AZERT


Ainda sou do tempo em que o chefe num jornal era um tipo respeitado e até venerado. Como numa tribo de Sioux ou Apaches. Era o chefe e ponto. O resto da maralha batia a bola baixo e trabalhava. Admito que os tempos mudaram mas continuo sem trocar o carismo e o mito do chefe pelos novos modelos de liderança, disponíveis numa prateleira de uma FNAC perto de si. Estou convencido que esta espécie de gurus ganha bem a vida enganando a clientela de forma um tanto ou quanto descarada, ao estilo dos vendedores de chaves da sorte para o euromilhões. Vem isto a propósito exactamente de alguns momentos de saudável anarquia que tive oportunidade de viver na minha carreira, como aconteceu na Gazeta dos Desportos, quer na rua de S. João, quer na rua Poço dos Negros, no Porto e em Lisboa, respectivamente. O culpado deste rivalismo é o Paulo Silva, que hoje motivou a conversa de treta no msn, e o Paulo é um tipo que tenho sempre em conta, sobretudo depois daquela cena do mapa de folgas (mas aí era eu que me estava a armar em...chefão, coisa que, de facto, não me está nos genes). Na rua de S. João, recordo 3 episódios: o mistério do cu gravado no pó da banheira; a energia cinética do elefante de porcelana do Augusto Martins; e o pau do telecomando que o Paulo Montes elegeu como símbolo do seu poder.
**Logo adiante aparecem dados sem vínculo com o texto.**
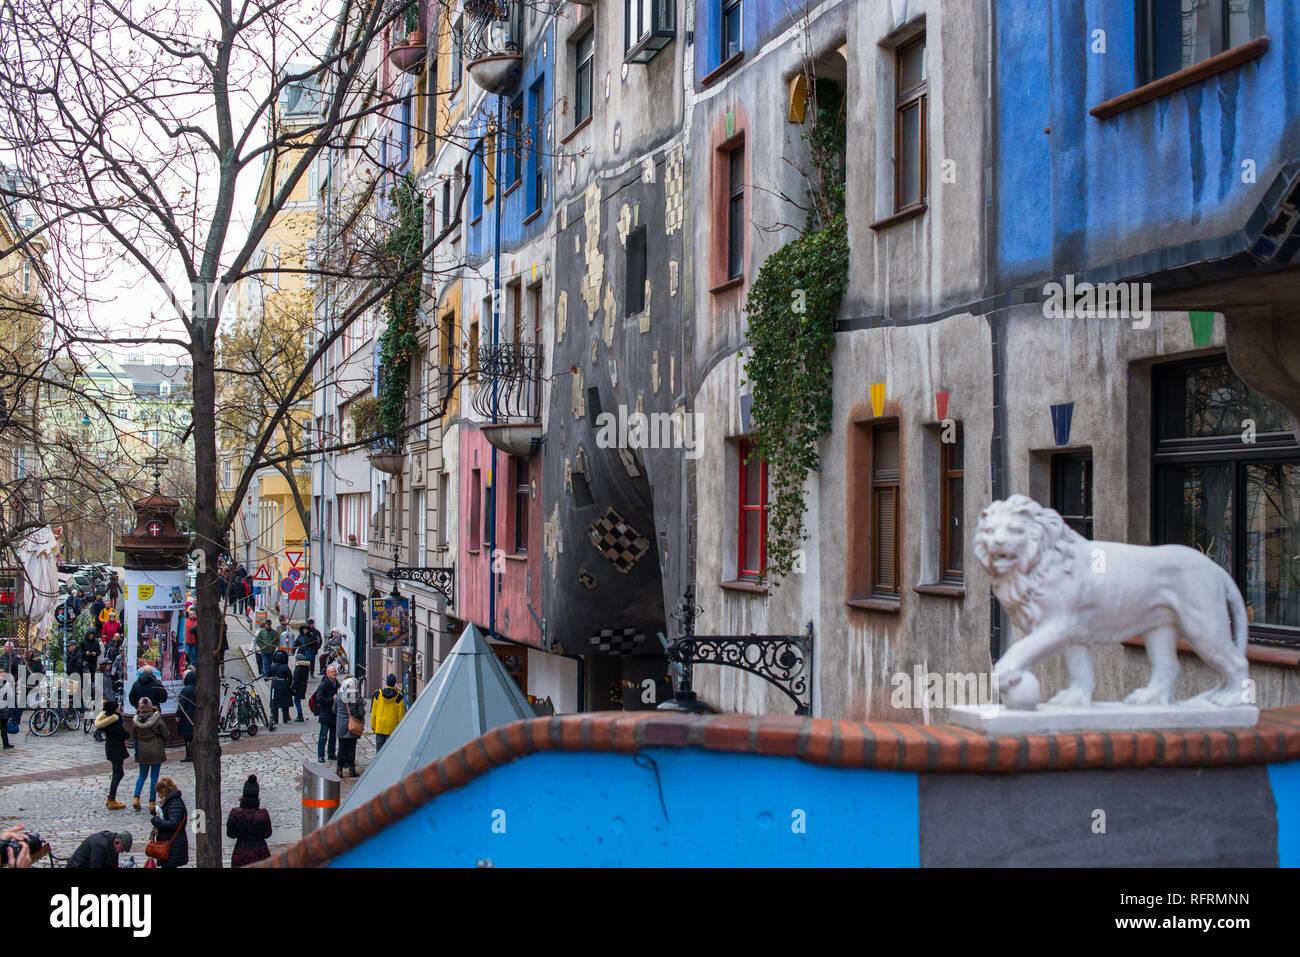 Hundertwasserhaus, expressionist landmark and public housing, designed by architect Friedenreich Hundertwasser in Vienna. Austria. - Stock Image

Há outros mas destaco estes. Em Lisboa, na Poço do Negros, não esqueço os jogos de ping-pong depois do fecho da edição, com blocos a improvisar raquetas e livros a fazer de rede; os encharcados ao Óscar quando era voltava do escritório que era a tasca do andar de baixo; e a famosa caça à ratazana, para não falar no sofá onde o Bonzinho dormia ou para o cagalhão que um dia o Mário Pereira depositou na gaveta de uma secretária de uma dama pela qual o Luís Graça se apaixonou. Como dá para imaginar, foi um tempo glorioso, exactamente porque não havia...chefe, ou se havia ninguém notava. Tá bem, tínhamos lá o Virgílio Neves com as suas histórias americanas, o Tó Pasteleiro com a basófio do costume e o velho Viriato a fazer de conta que não achava piada à energia da canalhada. O comandante Barquinho, esse, também fazia de conta que não percebia que havia um motim permanente na Bounty. A verdade é que o jornal respeitava os fechos e vendia sem precisar de recorrer a técnicas de liderança, campanhas de marketing ou lições de moral (das 3 a pior). Bons tempos. Bons velhos tempos do jornalismo em azert.